[The Mystery of Metropolisville by Edward Eggleston]@TWC D-Link book
The Mystery of Metropolisville

CHAPTER XXIII
3/10

They did not waste their strength.

When people drown, it is nearly always from a lack of economy of force.

Here was poor little Katy so terrified at thoughts of drowning, and of the cold slimy bed at the bottom of the lake, and more than all at thoughts of the ugly black leeches that abounded at the bottom, that she was drawing herself up head and shoulders out of the water all the time, and praying brokenly to God and Brother Albert to come and help them.
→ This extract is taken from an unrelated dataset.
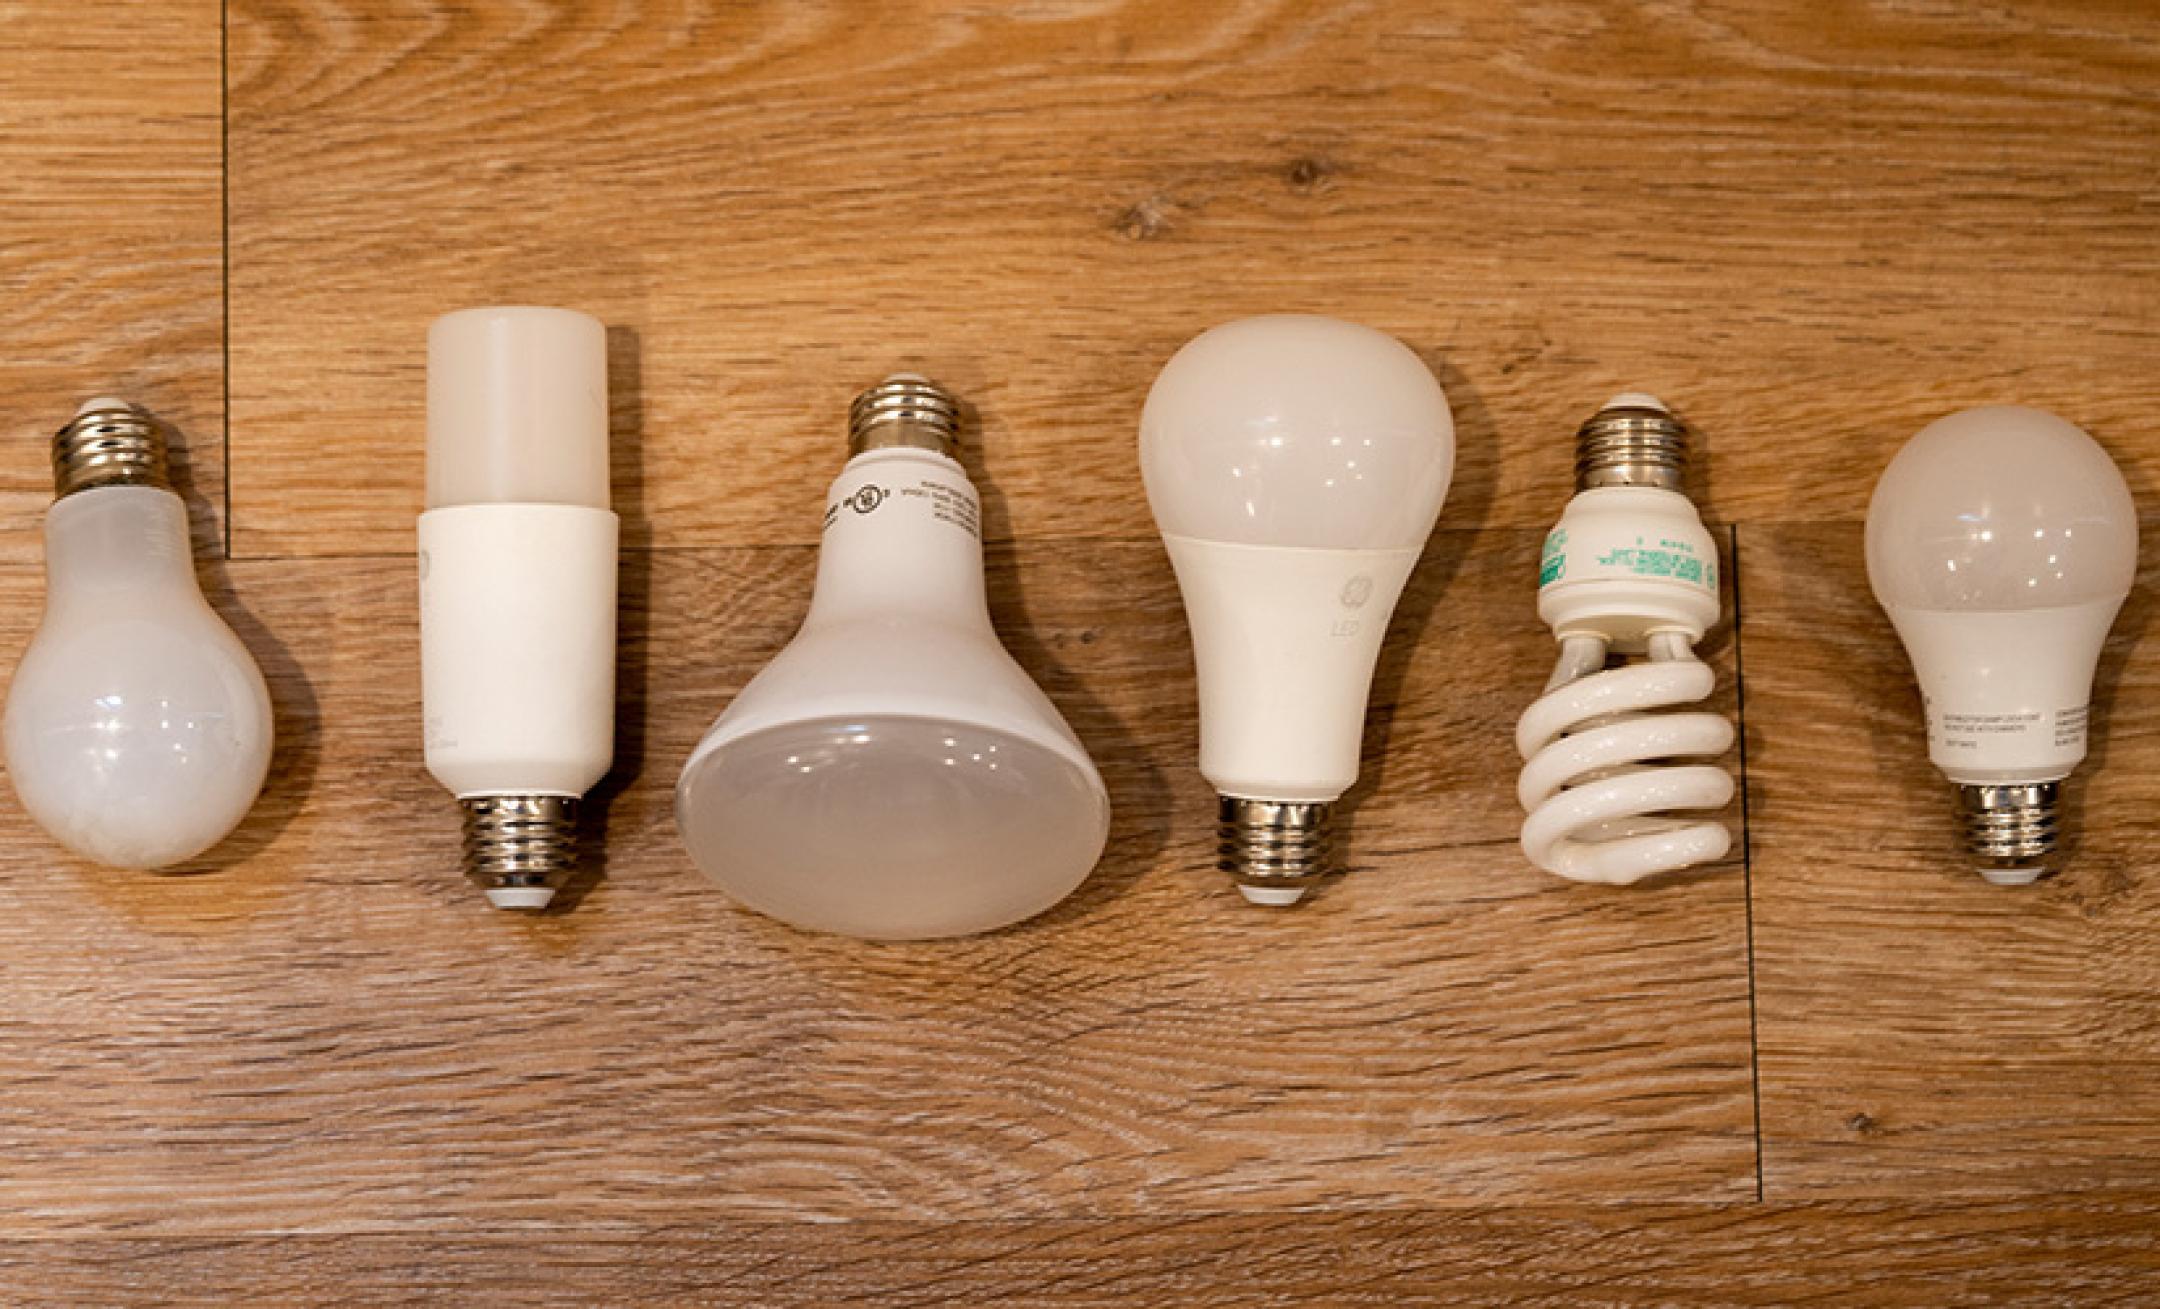 How to Choose Light Bulbs

Isa tried to soothe her, but she shuddered, and said that the lake was so cold, and she knew she should drown, and Cousin Isa, and Smith, and all of them.
Two or three times, in sheer desperation, little Katy let go, but each time Isa Marlay saved her and gave her a better hold, and cheered her with assurances that all would be well yet.
While one party on the shore were building a raft with which to reach the drowning people, Albert Charlton and George Gray ran to find the old boat.

But the young men who had rowed in it, wishing to keep it for their own use, had concealed it in a little estuary on the side of the lake opposite to the village, so that the two rescuers were obliged to run half the circumference of the lake before they found it.